__Task details__. Below is a listing; transcribe it exactly but without any images.

__Exercise data__.
---*---

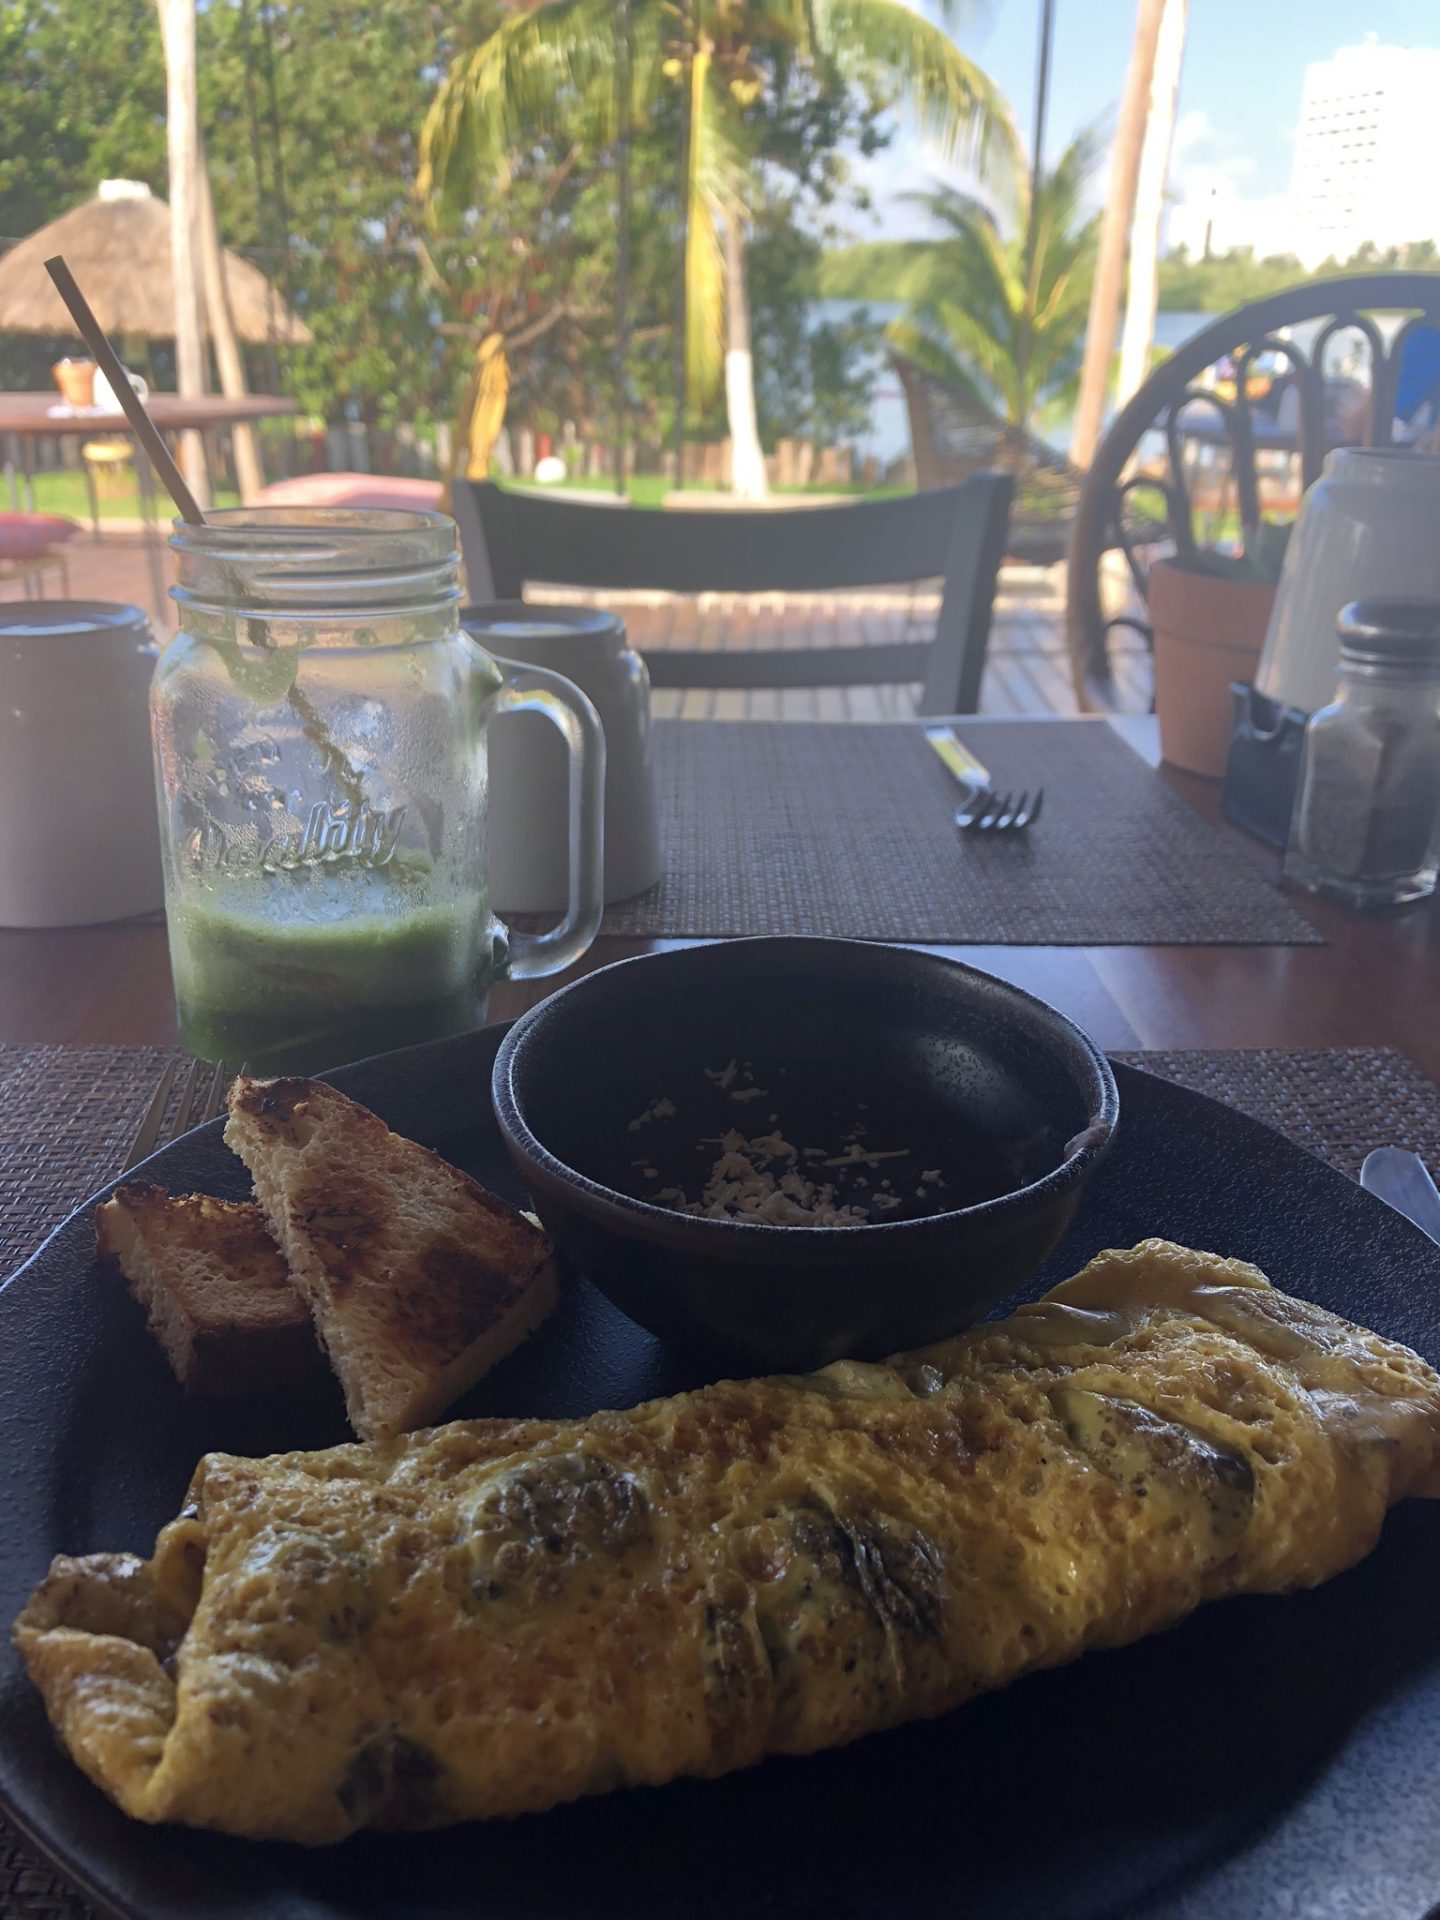 Omelette at Selina, Cancun in Mexico
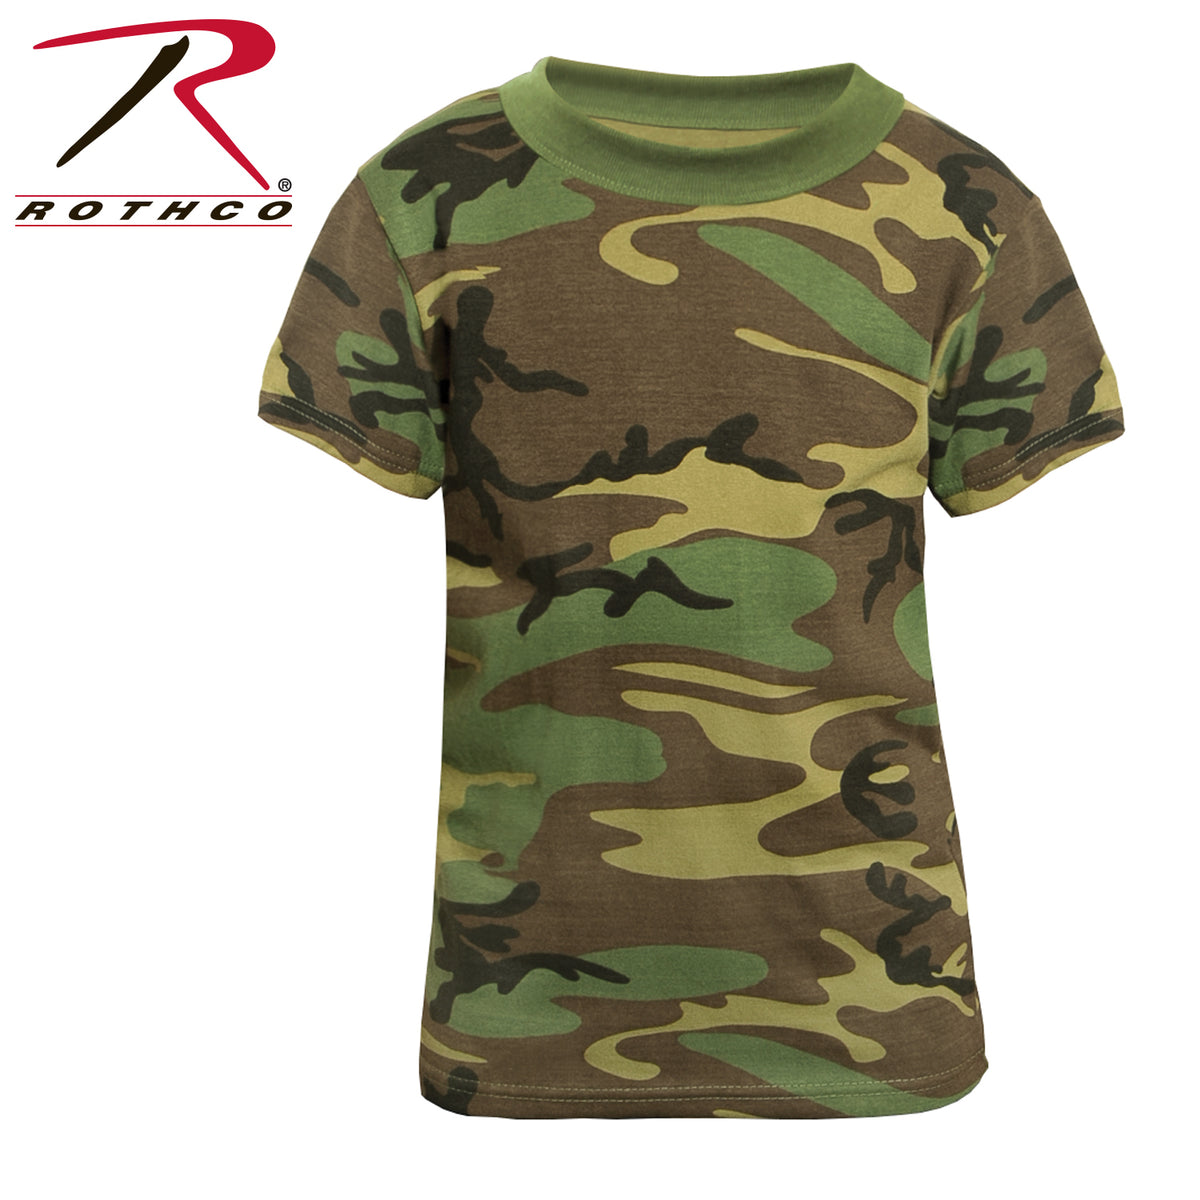 Rothco Kid's Camouflage Soldier Costume
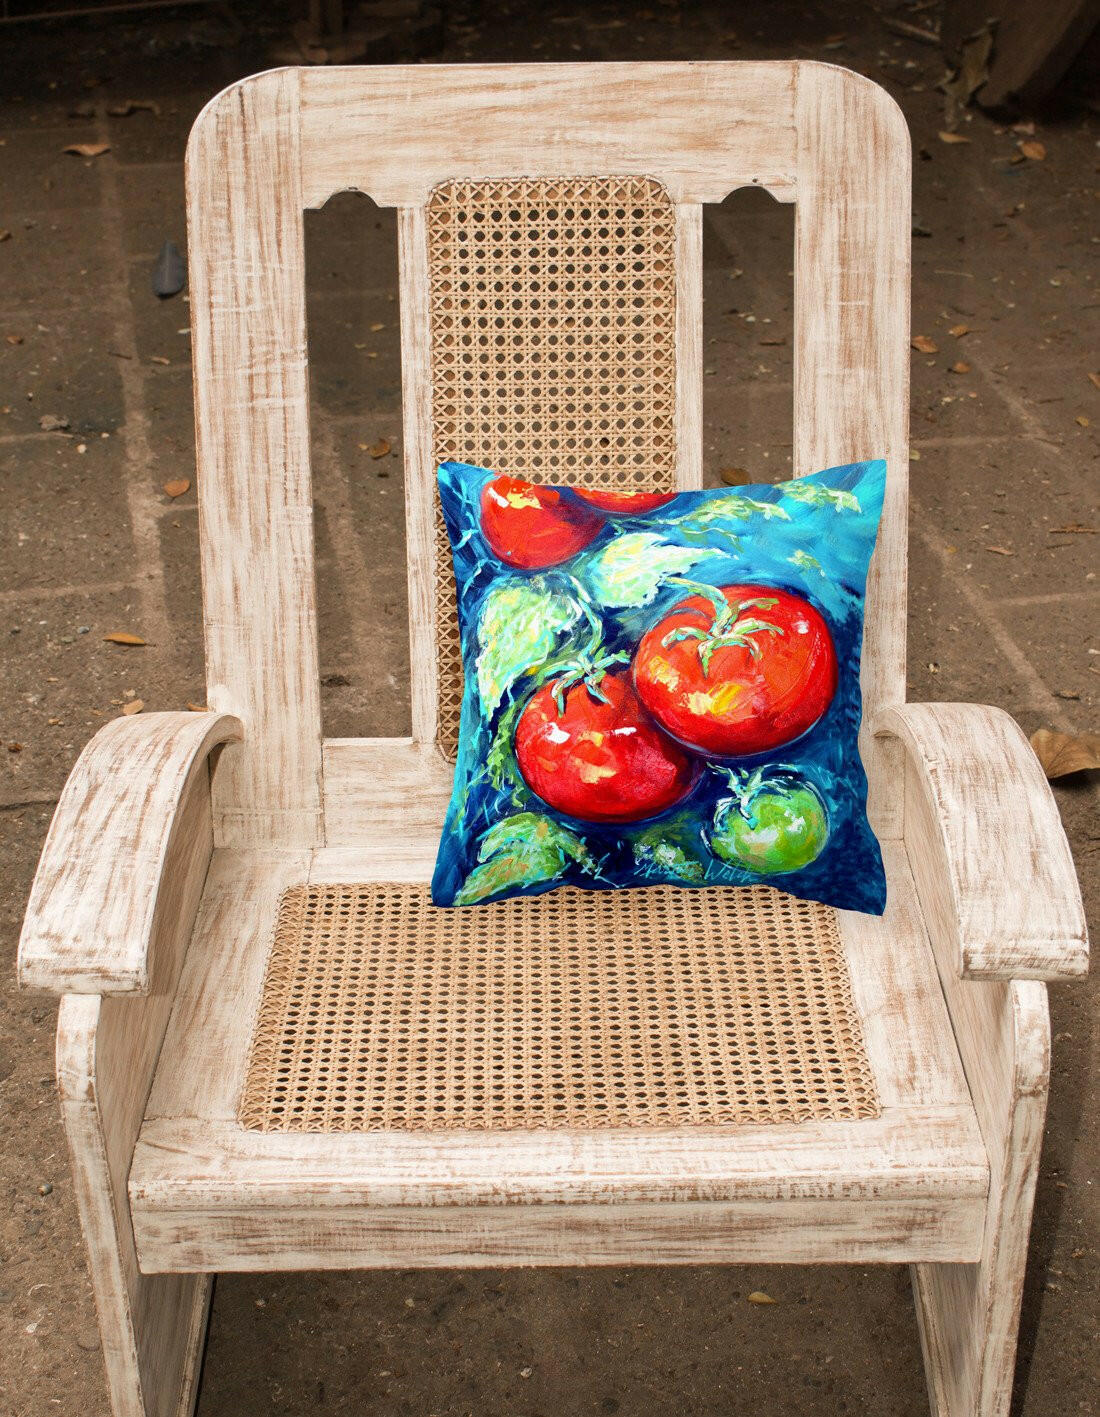 Vegetables - Tomatoes on the vine Canvas Fabric Decorative Pillow MW1148PW1414 by Caroline's Treasures
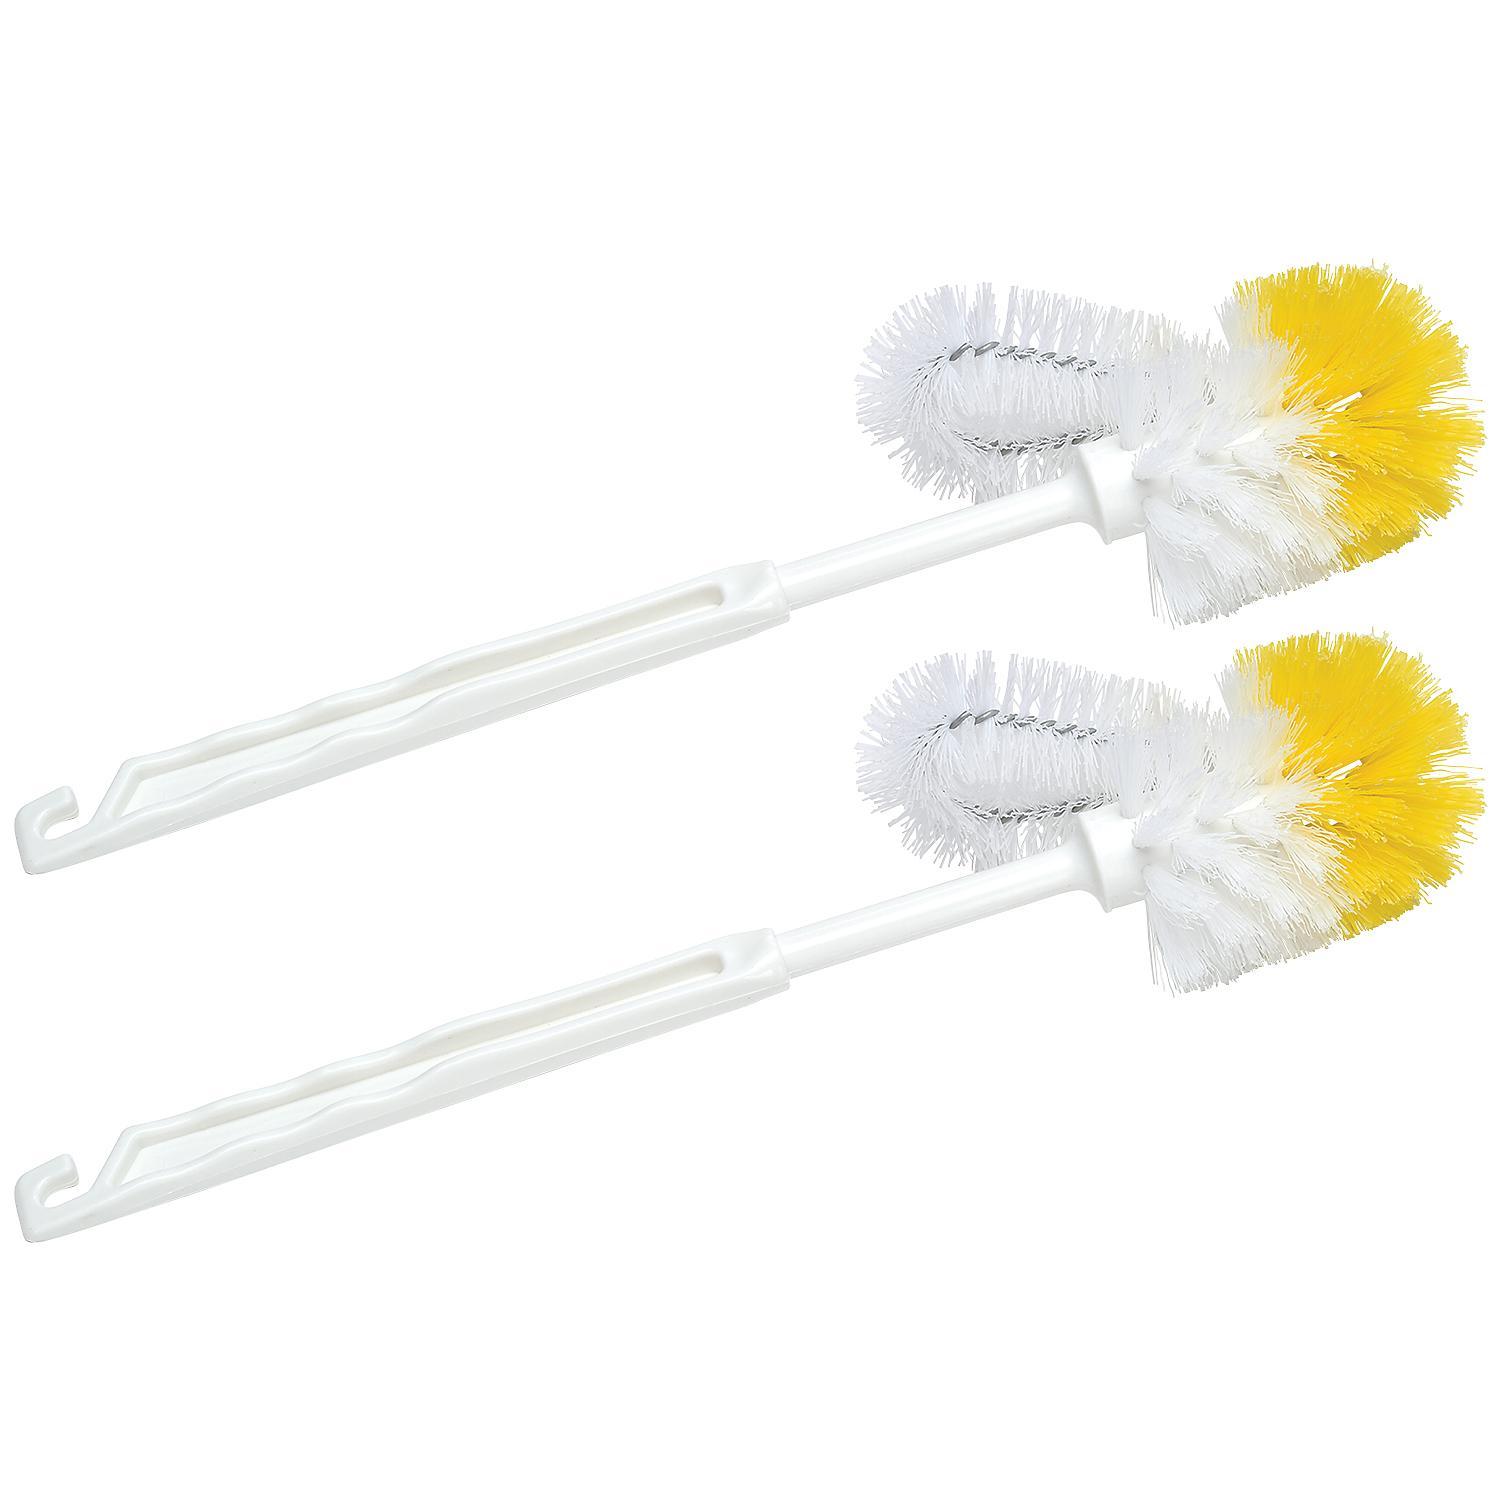 Toilet Brush Specially Made for Use on Recreational Vehicles and Boats

---*---

__Exercise output__.
 Omelette at Selina, Cancun in Mexico
 Rothco Kid's Camouflage Soldier Costume
 Vegetables - Tomatoes on the vine Canvas Fabric Decorative Pillow MW1148PW1414 by Caroline's Treasures
 Toilet Brush Specially Made for Use on Recreational Vehicles and Boats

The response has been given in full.